Après un début d’année tendu, de nouvelles manifestations et actions vigneronnes ciblant des négociants pourraient éclater d’un instant à l’autre dès que les vendanges seront achevées… Appelant au calme dans un esprit de filière travaillant ensemble (voir encadré), Jean-Claude Mas conseille à ceux en ayant besoin pour survivre de se faire aider. Et à tous de prendre de la perspective : « je suis motard : quand vous roulez et que vous ne regardez pas devant, vous vous prenez un trou dans la route et vous ne prenez pas bien le virage ». Le président de l’UEVM en est persuadé : « devant nous, il y a tout un marché à conquérir. Travaillons ensemble, il y a tellement de gisements de productivité dans la filière (en investissant l’argent moins dans l’arrachage et plus dans la conquête de marché, en renouvelant les cépages, en optimisant les rendements…). Nous sommes nés dans une région bénie des dieux pour la production de vin. On fait le plus beau métier du monde. Les vignes sont le jardin à la française du XXIème siècle. » Une envolée lyrique pour que le vignoble lève le nez du guidon. A moins qu’il ne sente la (métaphore) motarde lui monter au nez…
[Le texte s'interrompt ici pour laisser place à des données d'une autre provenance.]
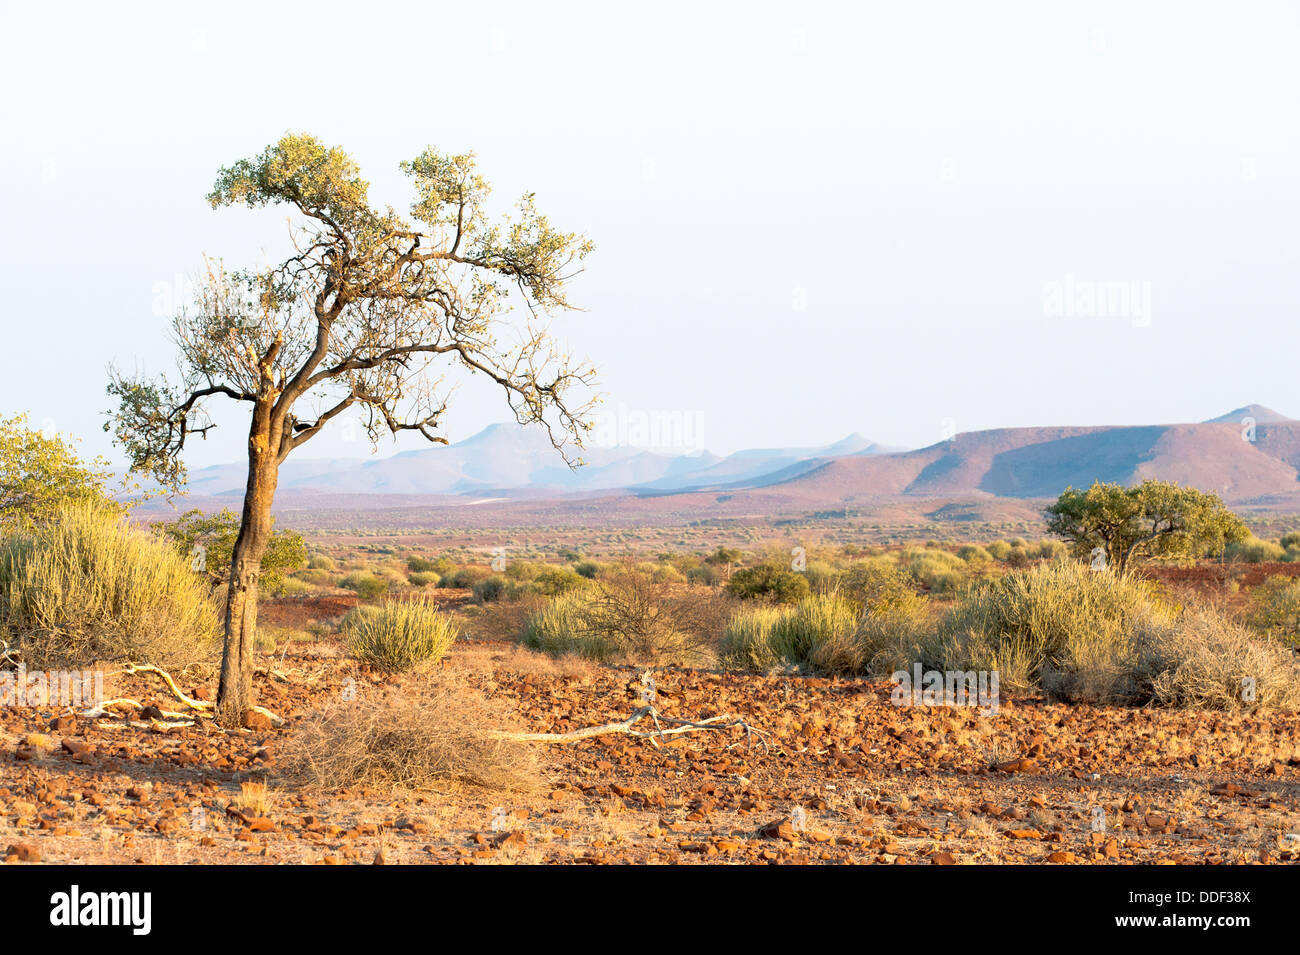 A single tree standing in a dry, open landscape in Kunene Region, Namibia Stock Photo

* : Pour Jean-Claude Mas, les notions de négoce et de production sont « archaïques », préférant parler dans le Languedoc d’« homme du vin. Il doit y avoir une confusion : je ne suis pas producteur, je ne suis pas négociant, je suis homme du vin. Je me sens autant producteur que négociant. Et l’un a besoin de l’autre. »
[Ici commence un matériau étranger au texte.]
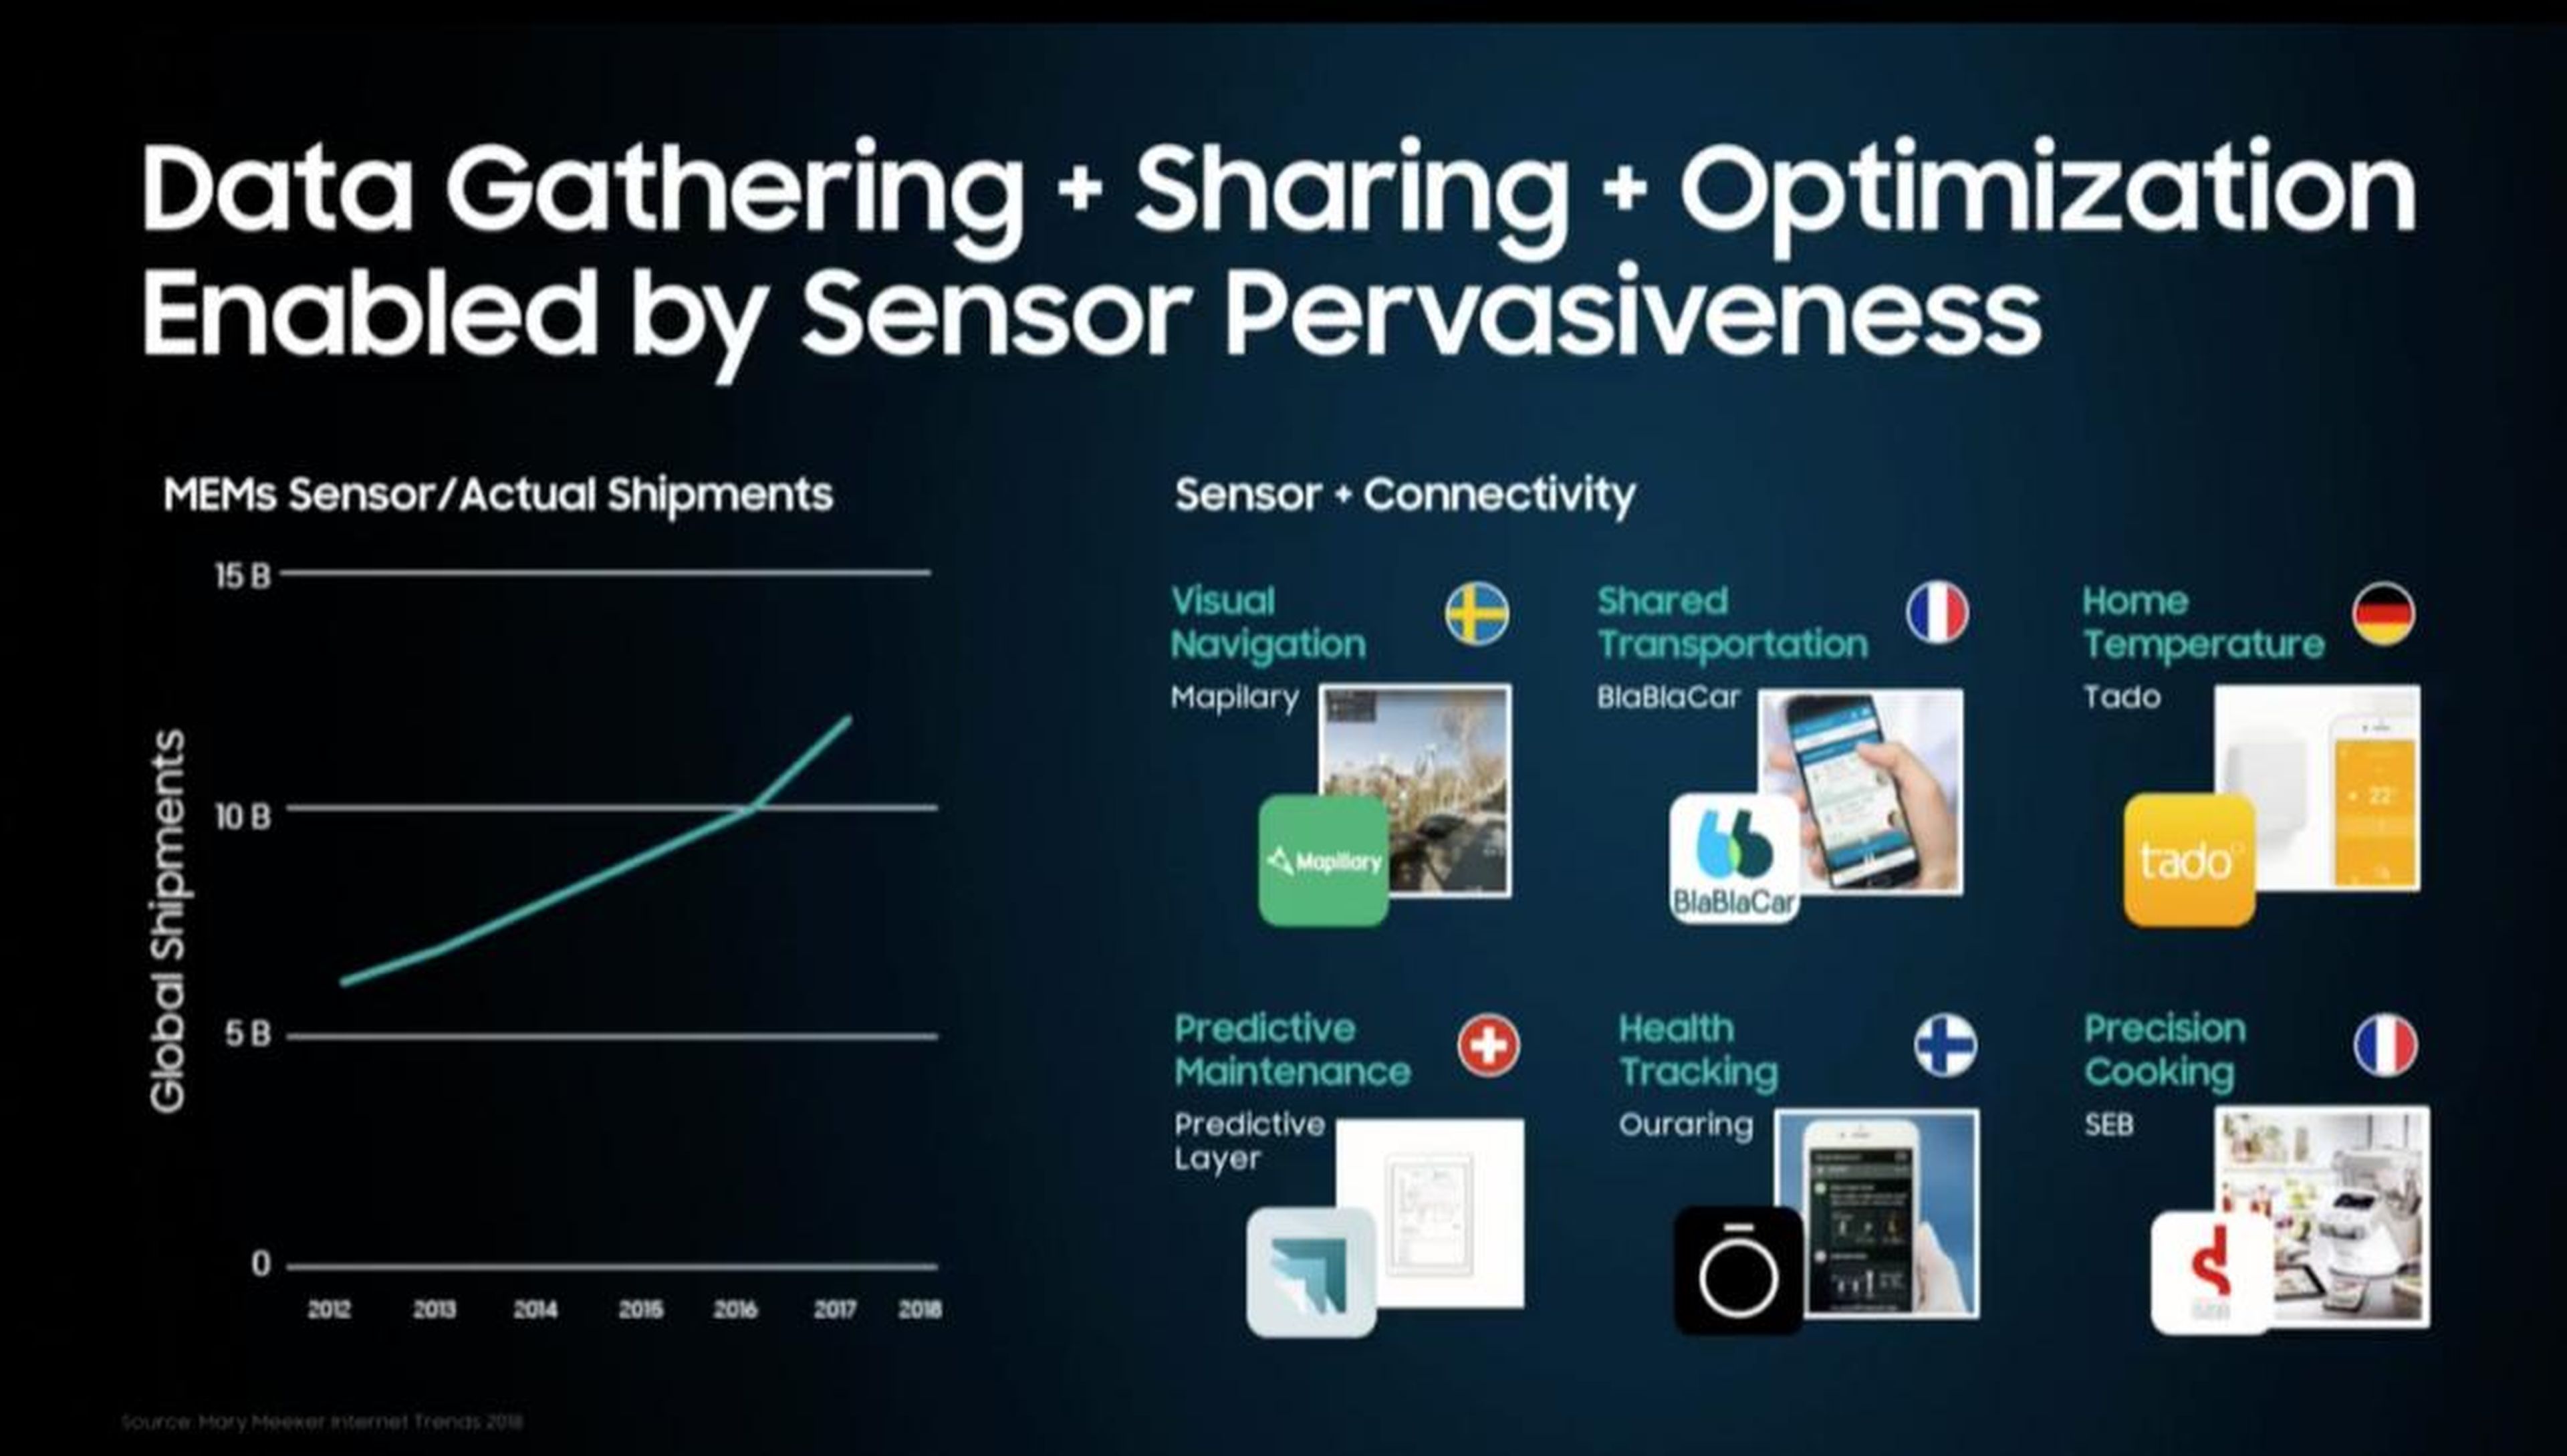 Samsung imagina un mundo de sensores omnipresentes que rastrean todo lo que haces.

Dans un communiqué daté du 16 septembre, les Vignerons Coopérateurs d’Occitanie appellent le négoce à la « coopération avec la filière pour des relations commerciales gagnant-gagnant et un avenir commun durable ! » Pointant que « la récolte 2024 qui s’annonce faible va engendrer des conséquences économiques désastreuses au sein du vignoble et des exploitations agricoles ainsi que pour nos outils coopératifs qui ont, jusque-là, jouer le rôle d’amortisseur social », le communiqué interpelle « les acteurs du négoce à qui nous demandons de stopper les logiques court terme et de s’engager dans la durée aux côtés de la filière ». Les caves coopératives préviennent que sans avancées (sous-entendues de valorisation des cours), « la pression du terrain deviendra explosive et non maîtrisable. Il est indispensable que l’ensemble de la chaine de valeur travaille de manière unie ! »
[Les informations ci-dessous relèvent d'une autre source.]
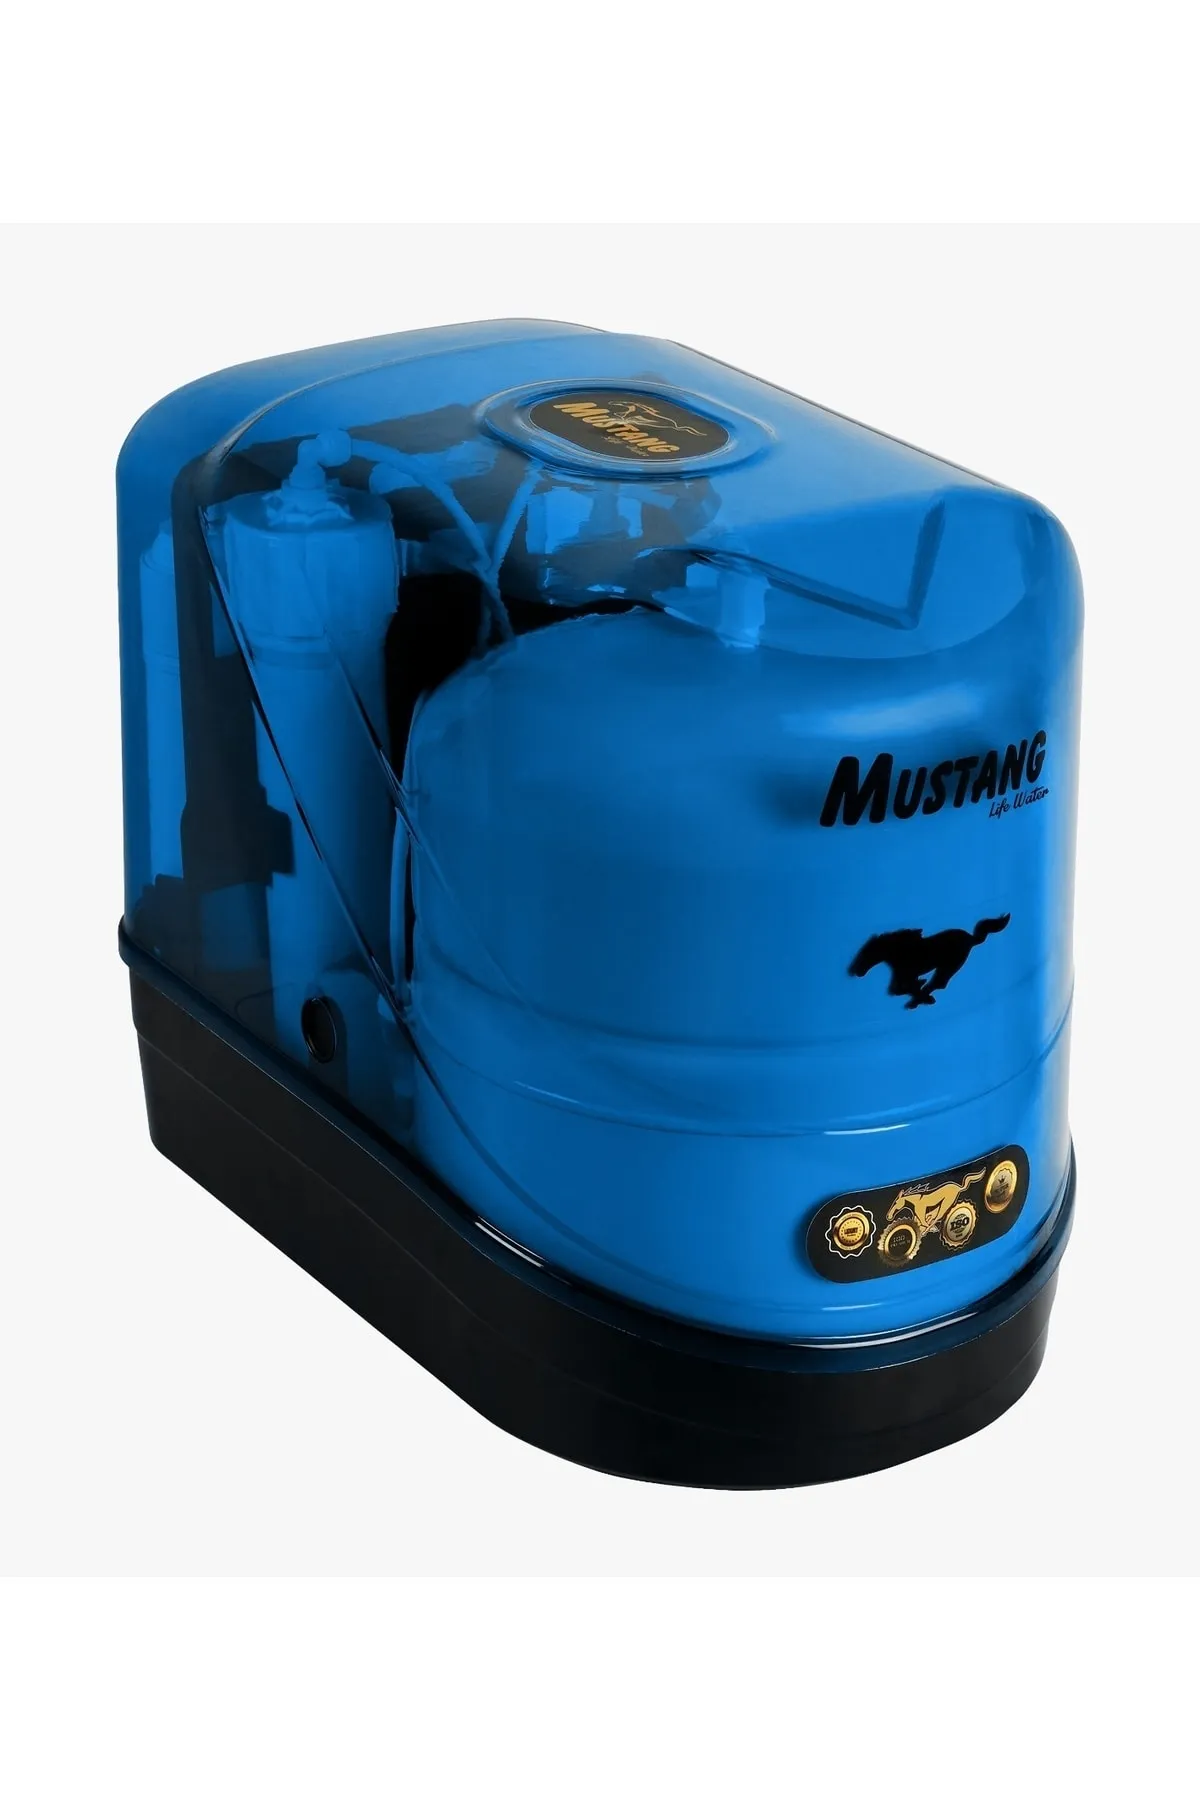 Mustang Life Water Mavi 5 Aşamalı Su Arıtma Cihazı

Dans un communiqué de réponse publié ce 18 septembre, l'Union des Entreprises Viticoles Méditerranéennes annonce que « les maisons de négoce apporteront leur connaissance des marchés et leur analyse dans la stratégie de la filière vin ». Affichant sa bonne volonté, l’UEVM ajoute que « nous devons travailler de concert pour proposer les styles de vins adaptés et intégrer les nouvelles occasions de consommation. Ensemble, nous devons agir sur plusieurs axes stratégiques pour préserver l’avenir des vins du Languedoc et de ses acteurs. » Concrètement, « l’UEVM participe aux travaux de la filière vin régionale et renouvelle son engagement pour travailler au cas par cas sur la construction de modèles éthiques et efficaces ».